Rickshaw driver Manikam is content with a quiet life supporting his neighborhood and community. Easy going and carefree, he oozes charm and is naturally popular among the locals. Soon after his younger brother becomes an officer of the law, his brother gets in a bit too deep with a local crime boss. To add to the mix, the same gangster is also the father of a young woman who Manikam has developed a friendship with. When the conflict is too much and the people Mankam cares for are in irreproachable danger, Manikam must unlock the key to his past — unlock his power of the gangster overlord he turned back on long ago —unlock BAASHA.
Thus begins the wonderful 3-hour Tamil crime musical epic of Baasha, with bonafide superstar (Rajinikanth) behind the titular role of an ex-gangster turned good— fighting, singing, and dancing his way to justice. This being my first “true” Indian cinema screening outside of last year’s decidedly non-musical and “very serious” Psycho Raman, Baasha, was a great introduction. Hitting points found in 80s blockbuster cinema, its cues (there’s even a crib of the famous Terminator 2 theme), it has all the familiarity to gently guide nubile viewers along as these familiar cinematic trails are drenched in Tamil goodness.
Three hours is a lot but bear in mind a good chunk of that is filled up with songs, hilarious musical cues and all. Inherently over the top, the song and dance numbers while entertaining also double down on character motivations, from the first flutters of a romance, all the way to the final showdown.

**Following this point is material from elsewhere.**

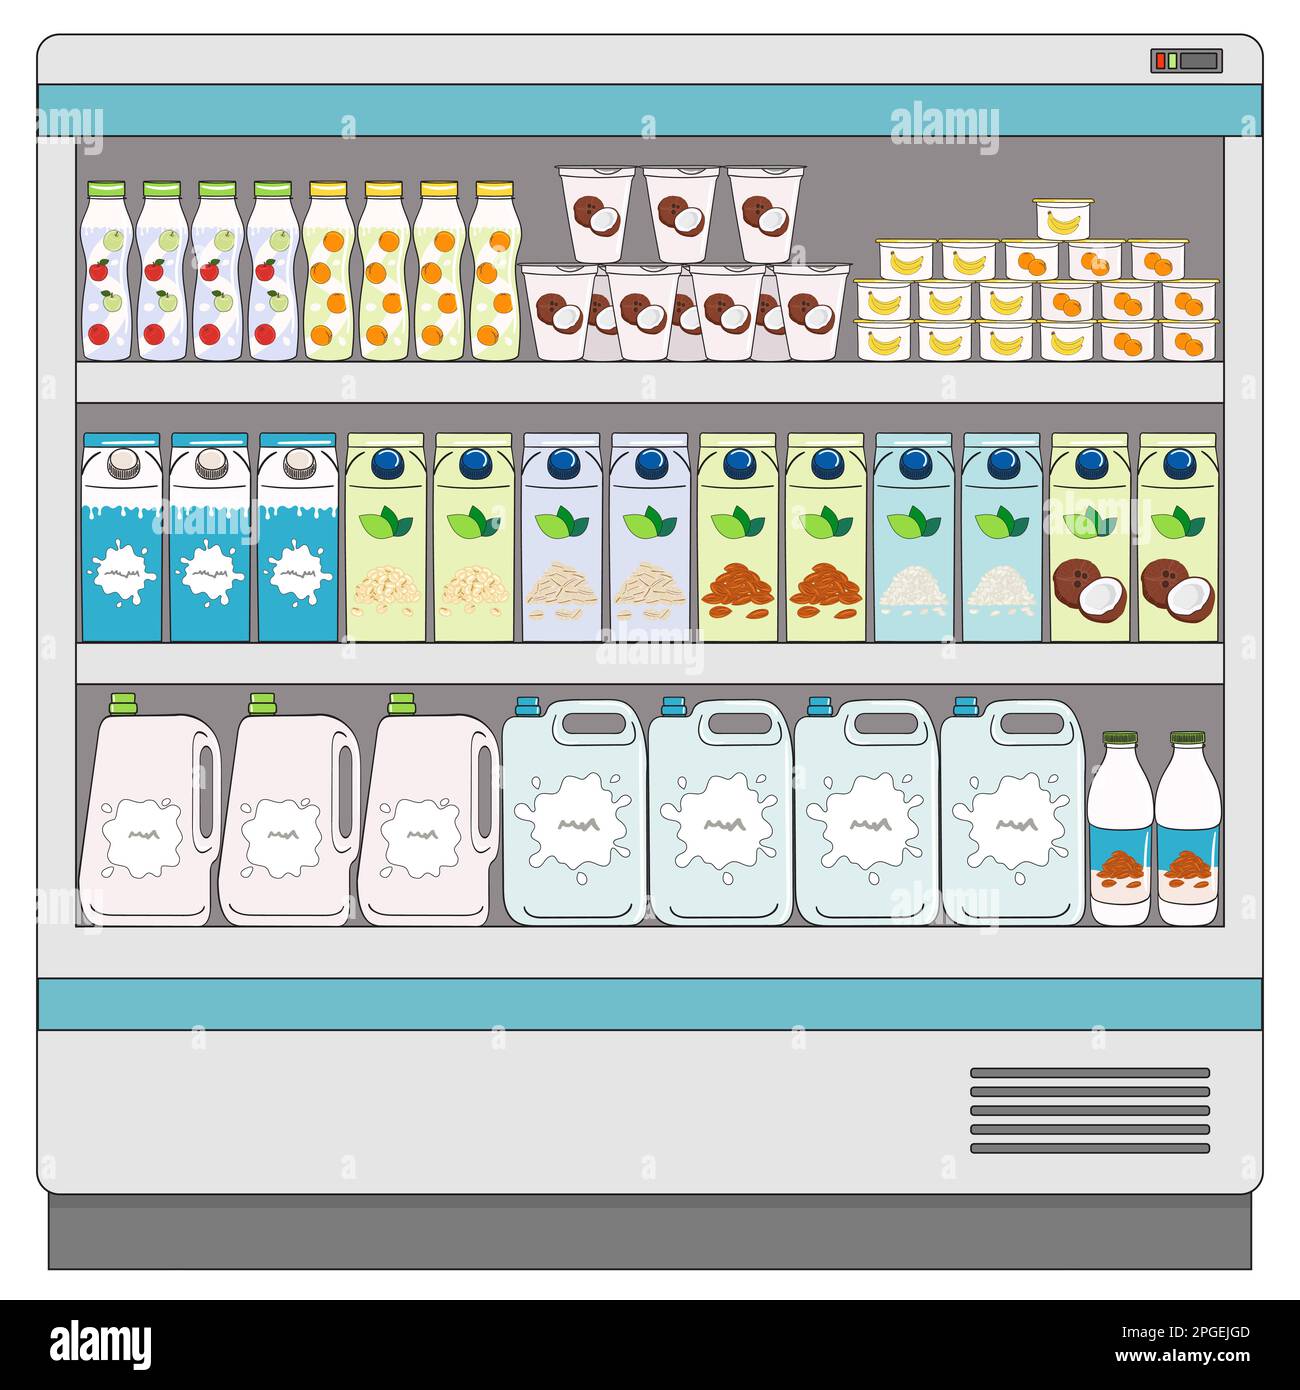 Showcase fridge for cooling milk products. Dairy and vegan milk alternatives on fridge shelves in supermarket. Milk bottles, carton boxes, yogurt. Mil Stock Vector

Carrying the film is of course Superstar Rajinikanth, with a larger than life presence that seems to only grow as the film progresses. The film was introduced stating that its main star, Rajinikanth, is "basically a God in India". To put some perspective, the guy has his own logo show before the studios. Every action is one that is monumental. A hair flick, a head turn, a signature power-stance, this is the type of film that gives the same weight of importance to answering a phone call to that of say, a street crucifixion.
Naturally, the film’s contagious energy spilled from the screen and into the audience. Chants and cheers filled the room when the titular theme played. By the end of the film, I had felt like I had just been to a concert instead of a movie. A great experience and film, Baasha, is a wonderful introduction into the world of Indian cinema. It’s a shame the home video distribution system in India is nowhere near the capacity it is in the States, so the chance of seeing this outside of Youtube is low. Regardless, this film was such an entertaining surprise that I’ll be keeping my eye out for any Indian repertory screening in the future.